The Bedroom, The Garden, and the Laboratory
If we take the question of “why create?” seriously enough, and accept that existence is not a predicate, we are forced to accept some unconventional and unpopular conclusions. Whatever reason can be given to create, it cannot be for the sake of the created. It cannot be compared to a gift, given, like a jacket, to someone who is cold. When Adam or Frankenstein’s creation confronts their creator and demands to know “Why did you make me?” the answer can have nothing to do with them at all. No conscious being has ever been created for its own sake. Since the created thing does not exist before its creation, the created thing is neither means nor ends. It simply wasn’t, and then it was, and if we are honest, we have to admit that is strange. Perhaps it is this very strangeness that leads science fiction to grapple with these questions, reframing them in dramatic thought experiments.
Mary Shelley’s Frankenstein refers to Paradise Lost because she too felt the gravity and strangeness of the question that not only her character asked, but that Adam asked of God in Milton’s story:
“Did I request thee, Maker, from my clay
To mould me Man? did I solicit thee
From darkness to promote me…?”
Nothing that exists ever asked to exist. Strange. Yet science fiction invites us to view the question from another point of view, the creator. So in that same spirit of thought experiments and drama, let’s inhabit this classic creation story, and ask the same question we’ve been asking this whole article again, from yet another perspective:
Imagine it’s ‘the beginning’ and you are God. Would you have made humans?
Set aside belief, there need not be nor ever have been a god.
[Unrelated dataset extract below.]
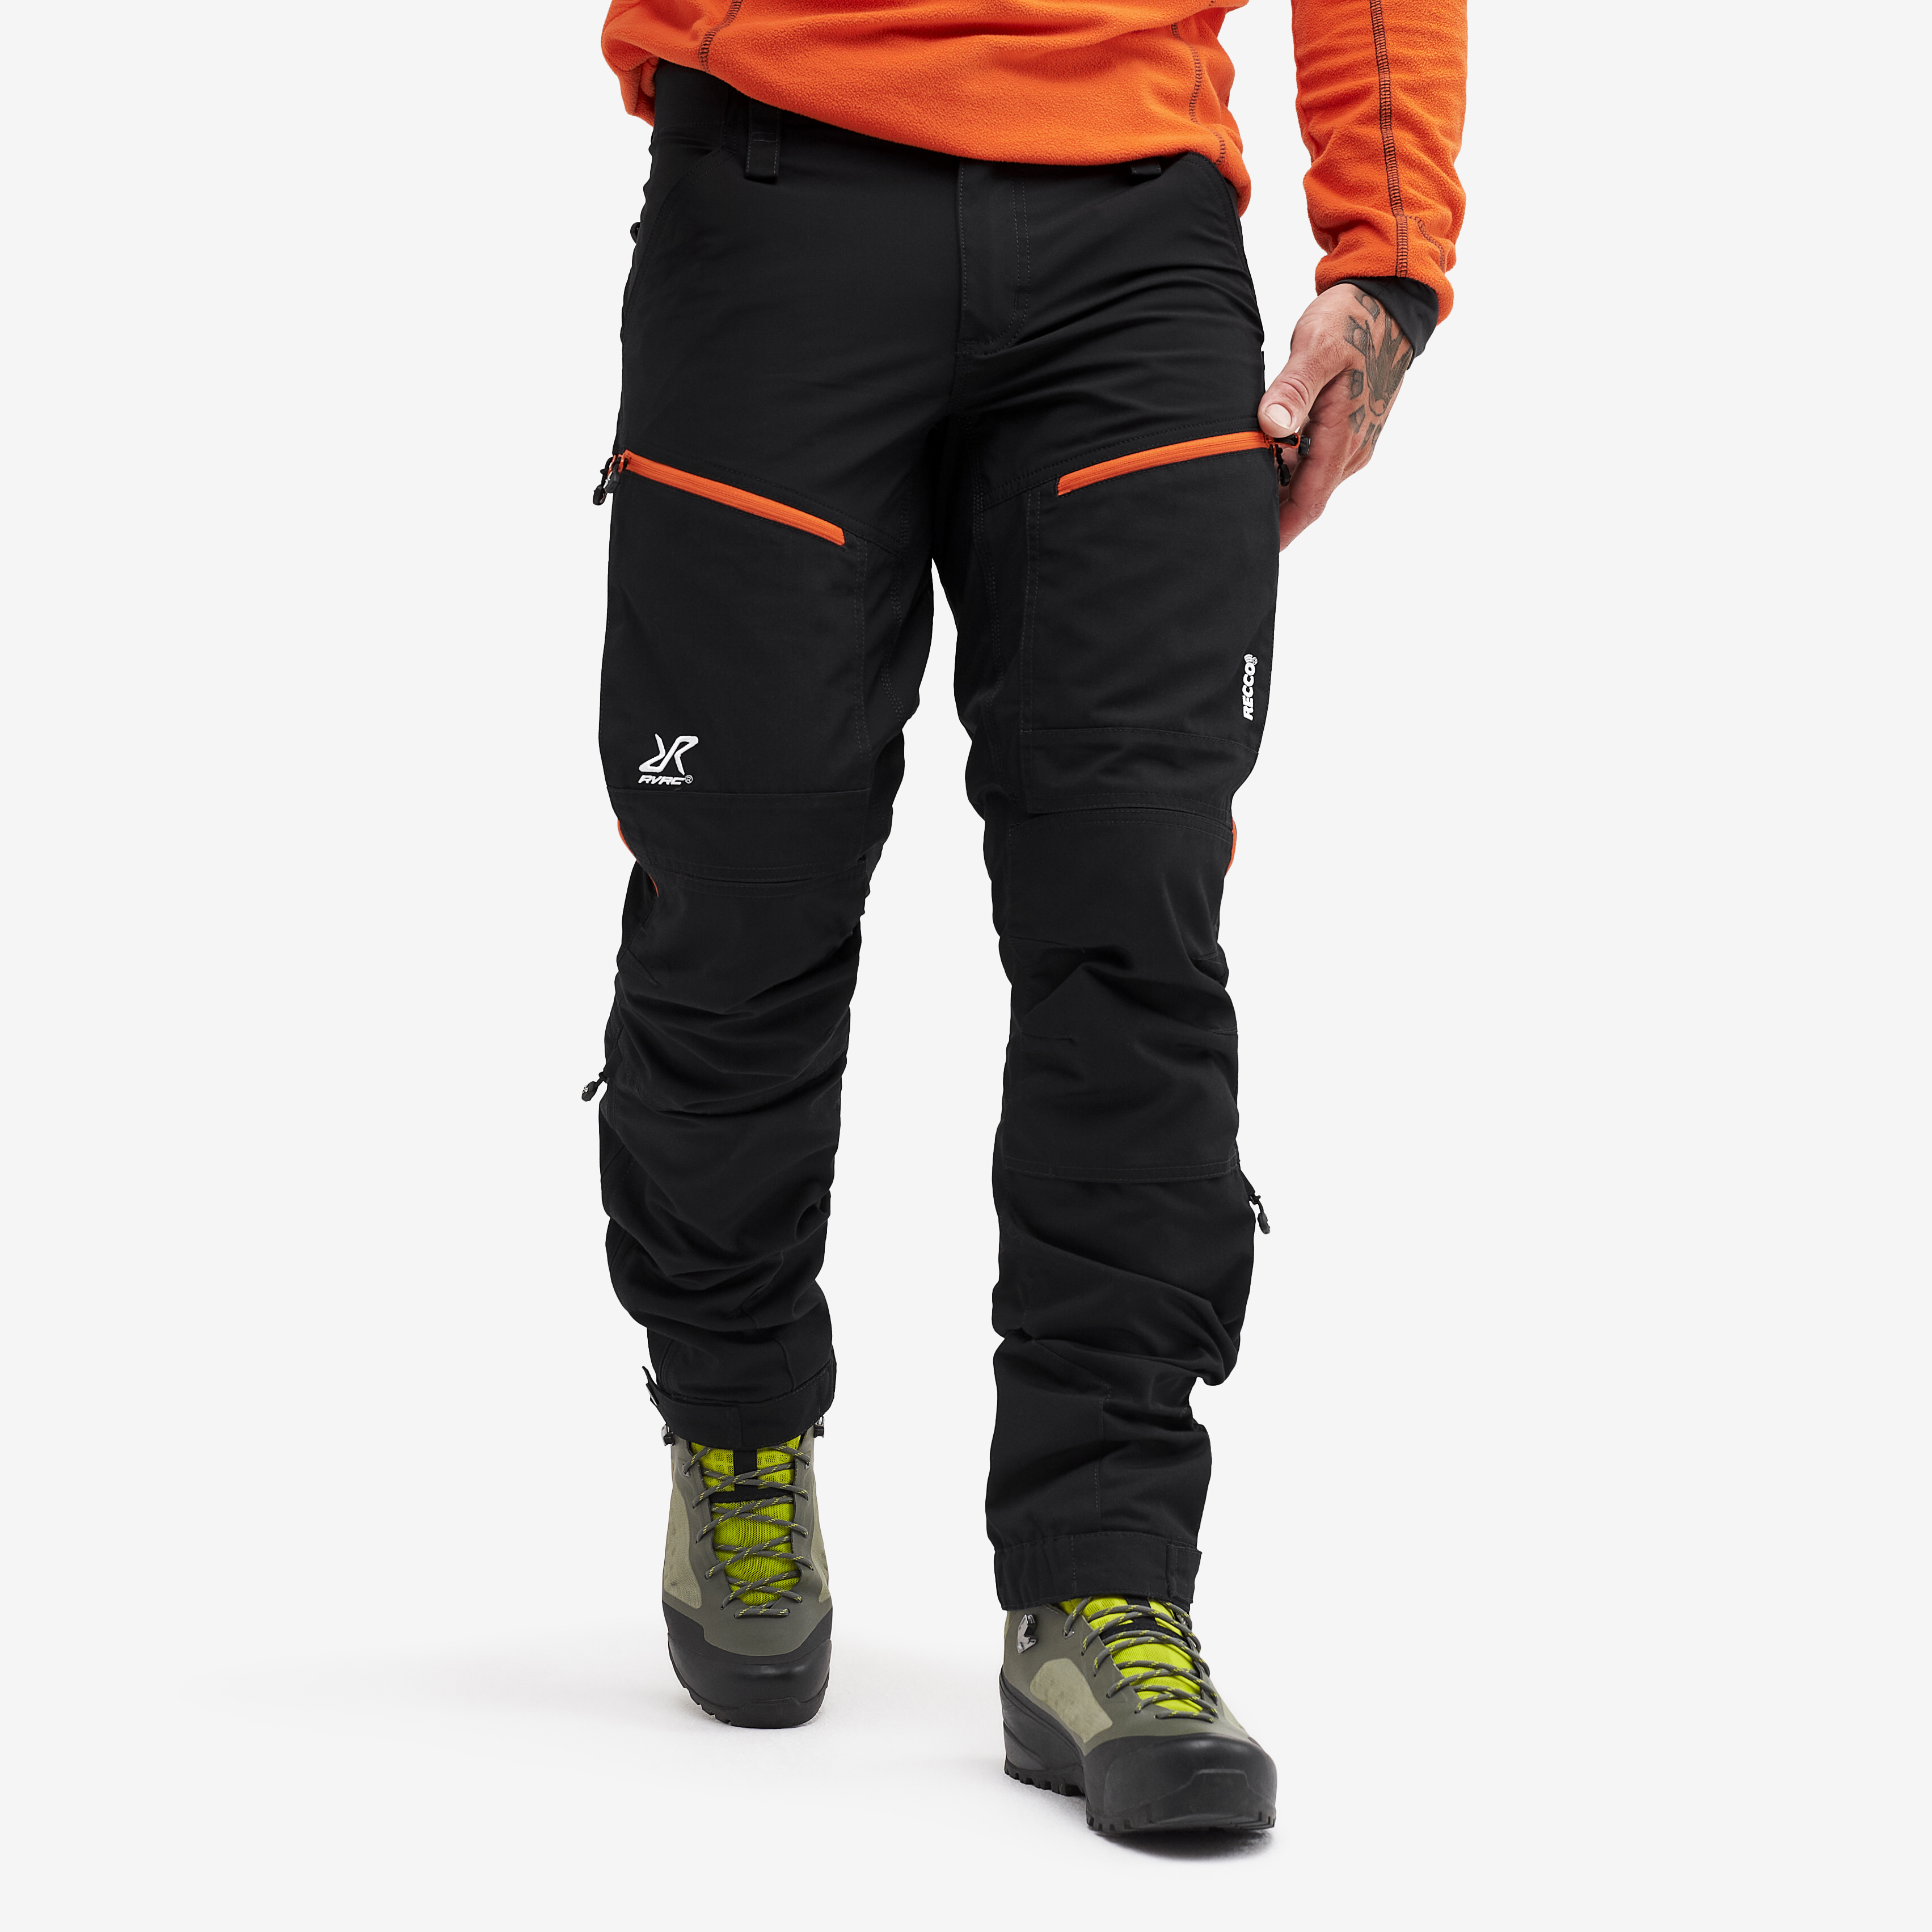 RVRC GP Pro Rescue Pants Black/Orange 2.0 Miehet

Simply imagine you were some perfect, all-powerful, all-knowing, and wantless god like that of the Old Testament. What possible reason could you have to make humans? As this god, you lack nothing. You have by definition no needs or wants. What possible reason could you imagine to make humans and place them in that garden? If there is a compelling answer, it may tell us something not only about the garden, but about the laboratory, and even the bedroom. Why create?
Post-Script:
For related discussions about the ethics of natalism, the work of David Benatar served as a partial but indirect inspiration for this article.
Benatar, David, and David Wasserman. Debating procreation: is it wrong to reproduce?. Oxford University Press, 2015.